Oh. What. Fun., la nuova commedia natalizia disponibile su Amazon Prime Video, parte con un autogol clamoroso: ci mostra spezzoni di film natalizi classici molto migliori di quello che stiamo per vedere. Con Michelle Pfeiffer protagonista e la regia di Michael Showalter, il film aveva tutte le carte in regola per essere una bella sorpresa. Invece è una delusione su tutta la linea.
Una mamma stanca e una famiglia ingrata
Claire (Michelle Pfeiffer) è una madre e nonna stanca morta che si prepara al Natale con la famiglia. Il film inizia con lei che fa una filippica sui film natalizi che si concentrano sempre sui papà, dimenticandosi delle mamme. Cita “Un biglietto in due” (che comunque è un film sul Ringraziamento, non sul Natale) sottolineando che la moglie di Steve Martin compare per soli 89 secondi.
La vediamo rabbrividire a una stazione di servizio mentre fa benzina – metafora nemmeno troppo velata del fatto che il suo serbatoio emotivo è vuoto. In una scena bizzarra, Claire si avvicina a un’auto dove tre bambini litigano e dice loro di trattare meglio la madre “perché un giorno sarà morta”. Simpatico, no?
Il problema è che Claire passa tutto il film a lamentarsi. Si prepara al Natale dal primo gennaio, organizza tutto nei minimi dettagli, ma quello che vuole davvero è essere nominata per un concorso televisivo chiamato “Holiday Moms” condotto dalla presentatrice Zazzy Tims (Eva Longoria, completamente sprecata). Continua a ripetere al marito Nick (Denis Leary) che non le importa granché, mentre manda l’ennesimo messaggio ai figli per ricordarglielo.

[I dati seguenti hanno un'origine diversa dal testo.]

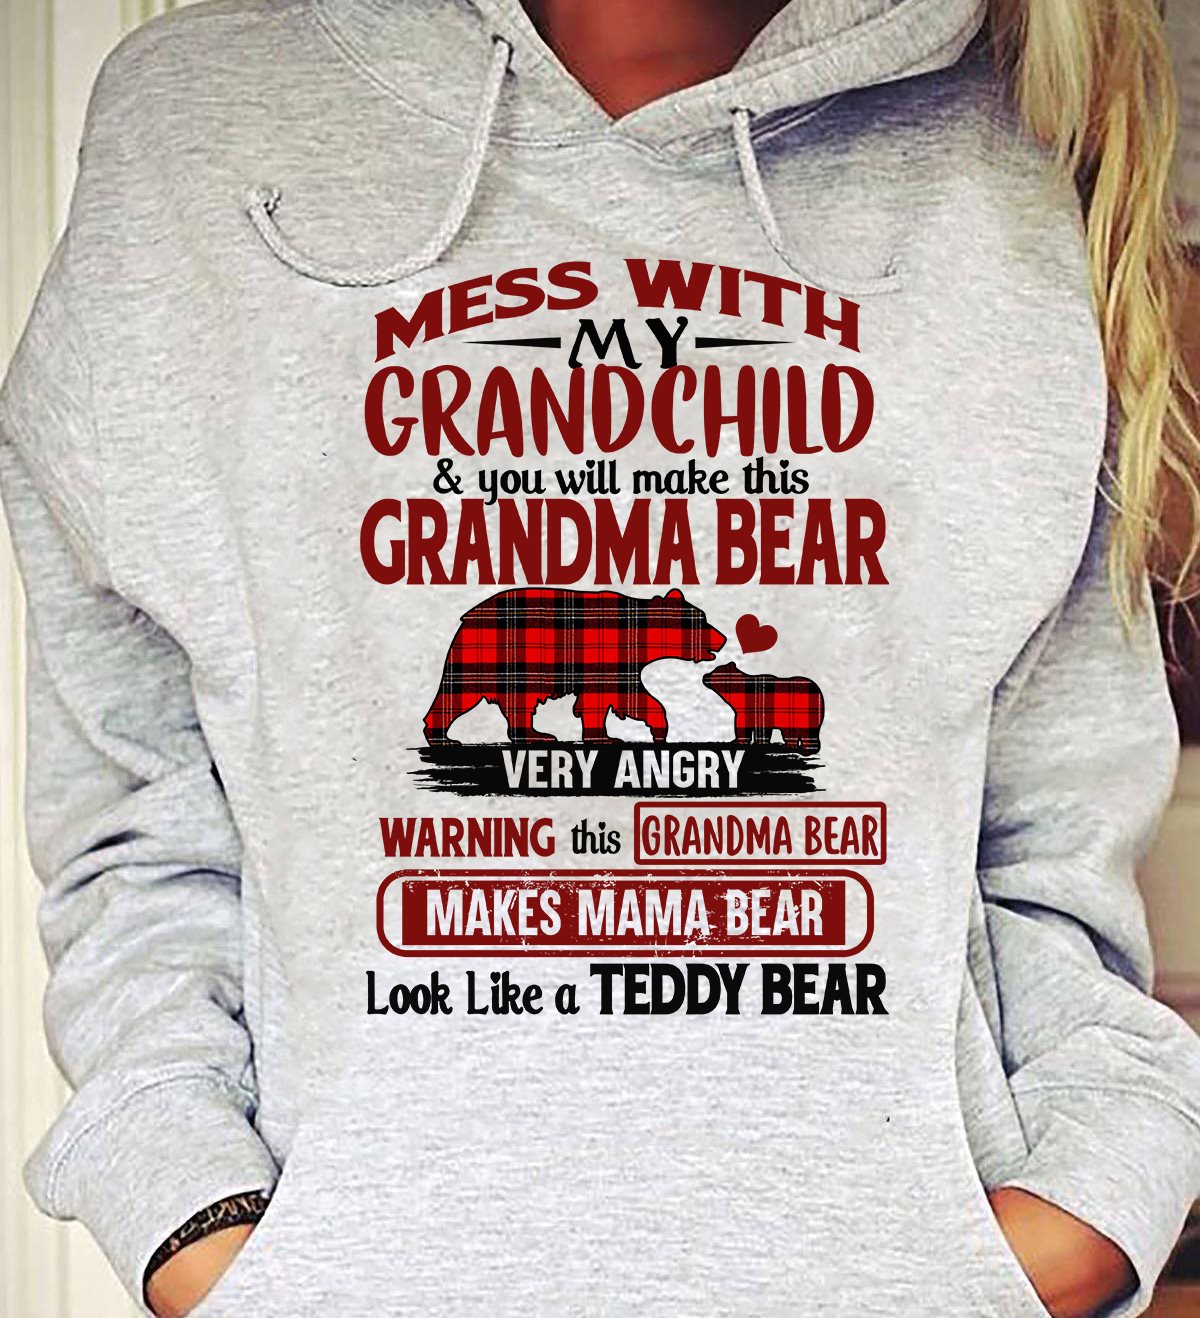 Mess with my grandchild and you will make this grandma bear very angry - Grandma bear

Una famiglia disfunzionale poco credibile
Arriva la famiglia: la figlia maggiore Channing (Felicity Jones), scrittrice sposata con Doug (Jason Schwartzman) e con due figli; la figlia di mezzo Taylor (Chloë Grace Moretz), parrucchiera che ogni anno porta a casa una fidanzata diversa (questa volta si chiama DJ Sweatpants); e il figlio minore Sammy (Dominic Sessa), disoccupato appena mollato dalla fidanzata Mae-bell (Maude Apatow).
C’è anche la vicina di casa nemica Jeanne Wang-Wasserman (Joan Chen, bravissima a essere più gelida del Polo Nord) con cui Claire combatte una guerra fatta di aggressività passiva e decorazioni natalizie sempre più esagerate.
Il viaggio improvvisato che non convince
Il conflitto principale è di una banalità disarmante: Claire compra biglietti per uno spettacolo di danza la vigilia di Natale, la famiglia è in ritardo, tutti saltano in macchine diverse e si dimenticano di far salire la mamma. Così Claire parte da sola da Houston e finisce per guidare fino in California, dove si registra il programma di Zazzy.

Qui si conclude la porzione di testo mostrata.